Elk jaar wordt door de UNESCO op 21 februari de Internationale Moedertaaldag gevierd. Deze dag staat in het teken van de taalkundige en culturele diversiteit en de meertaligheid. We vroegen aan Isabelle, een van onze collega’s, die een kei is op het vlak van talen, of zij ons wat inzichten kon verschaffen in wat het betekent om meertalig te zijn.

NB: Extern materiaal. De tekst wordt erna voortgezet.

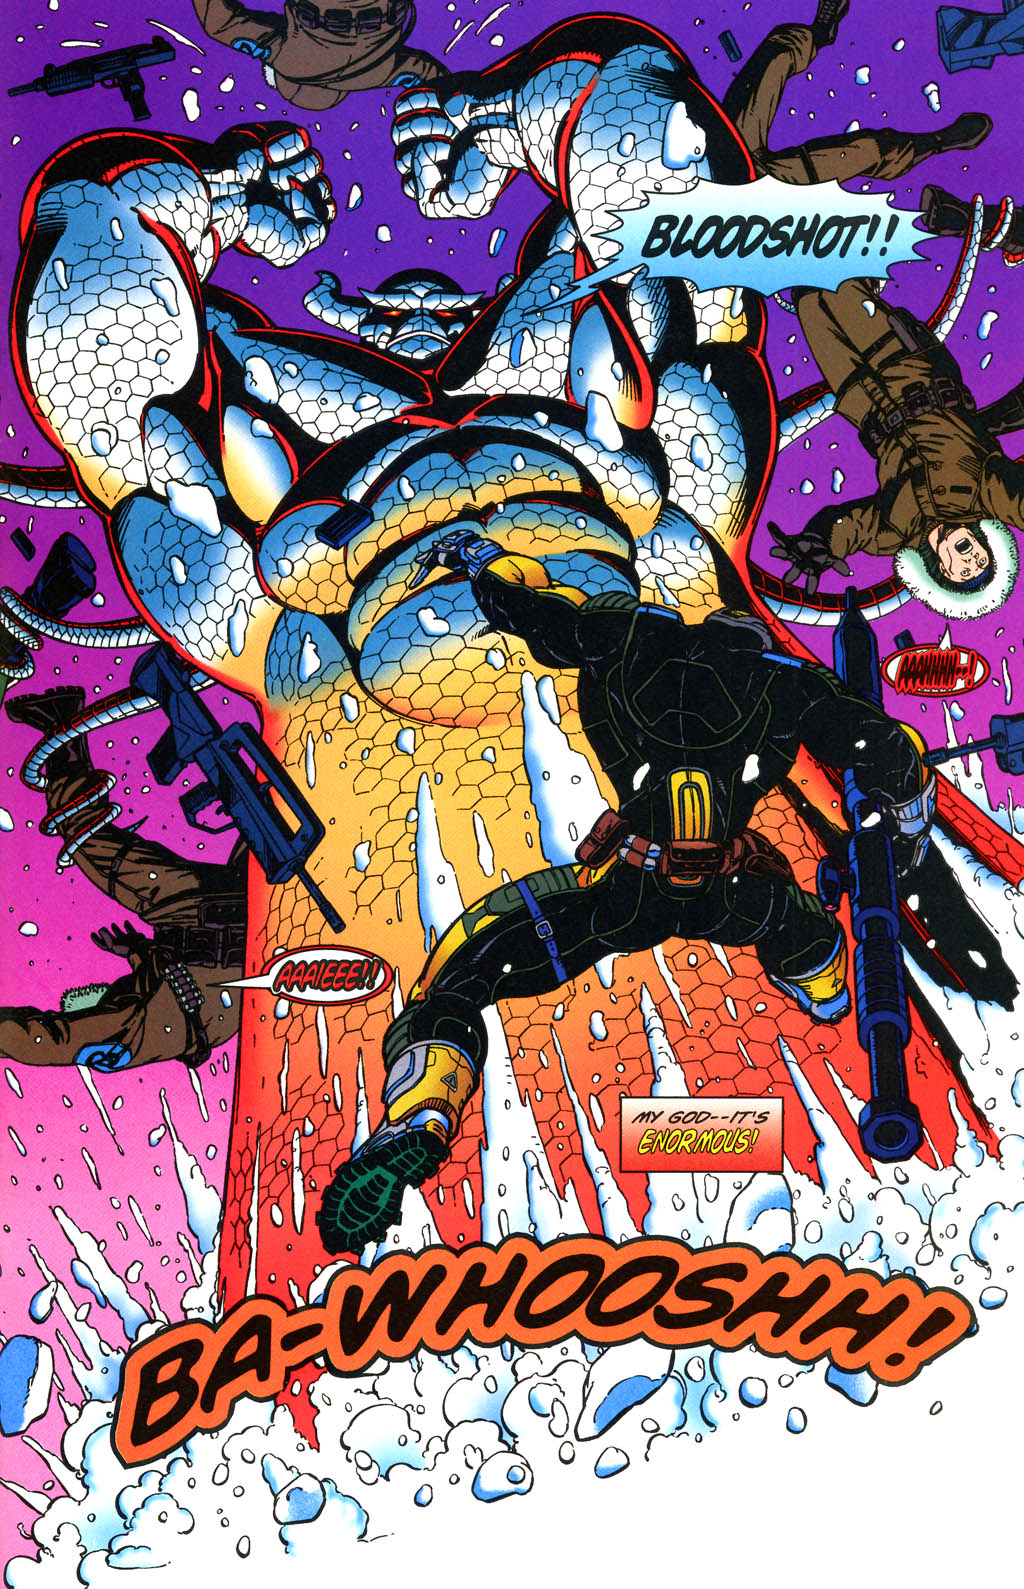 Read online Bloodshot (1993) comic -  Issue #50 - 17

“Eigenlijk heb ik twee moedertalen”, zegt Isabelle ons. “Je moedertaal is niet noodzakelijk de taal van je moeder. De taal die je bij je geboorte hebt aangeleerd, is eigenlijk je eerste taal. De taal die je het best beheerst, is je dominante taal. Dat is de taal waarin je denkt en waarin je je het liefst uitdrukt. Bij mij is het Frans mijn eerste taal omdat ik in het Frans ben opgegroeid. Het Nederlands is mijn dominante taal omdat ik vanaf mijn 2 jaar school heb gelopen in het Nederlands. Wij maakten thuis duidelijk het onderscheid tussen de Franse taal die thuis werd gesproken, en de Nederlandse taal die op school werd gehanteerd. Mijn mama vond het belangrijk dat we thuis geen mengelmoes maakten van beide talen.
Eenmaal je een basis hebt – in mijn geval is mij een Romaanse en een Germaanse taal met de paplepel ingegeven – was het aanleren van Engels, Duits en Spaans dan ook een evidentie geworden.
Maar meertalig zijn, wil niet zeggen dat je al je aangeleerde talen allemaal even goed beheerst.
Je kan pas oordelen of iemand goed ter taal is als je een grap kunt vertellen in de andere taal en als je foutloos in die andere taal kunt schrijven. Ik ga mij dus beperken tot het erkennen dat ik een goede kennis heb van het Nederlands en het Frans. In deze beide talen kan ik (hopelijk nog altijd) foutloos schrijven, moppen tappen en omgaan met vrienden van beide taalgemeenschappen”.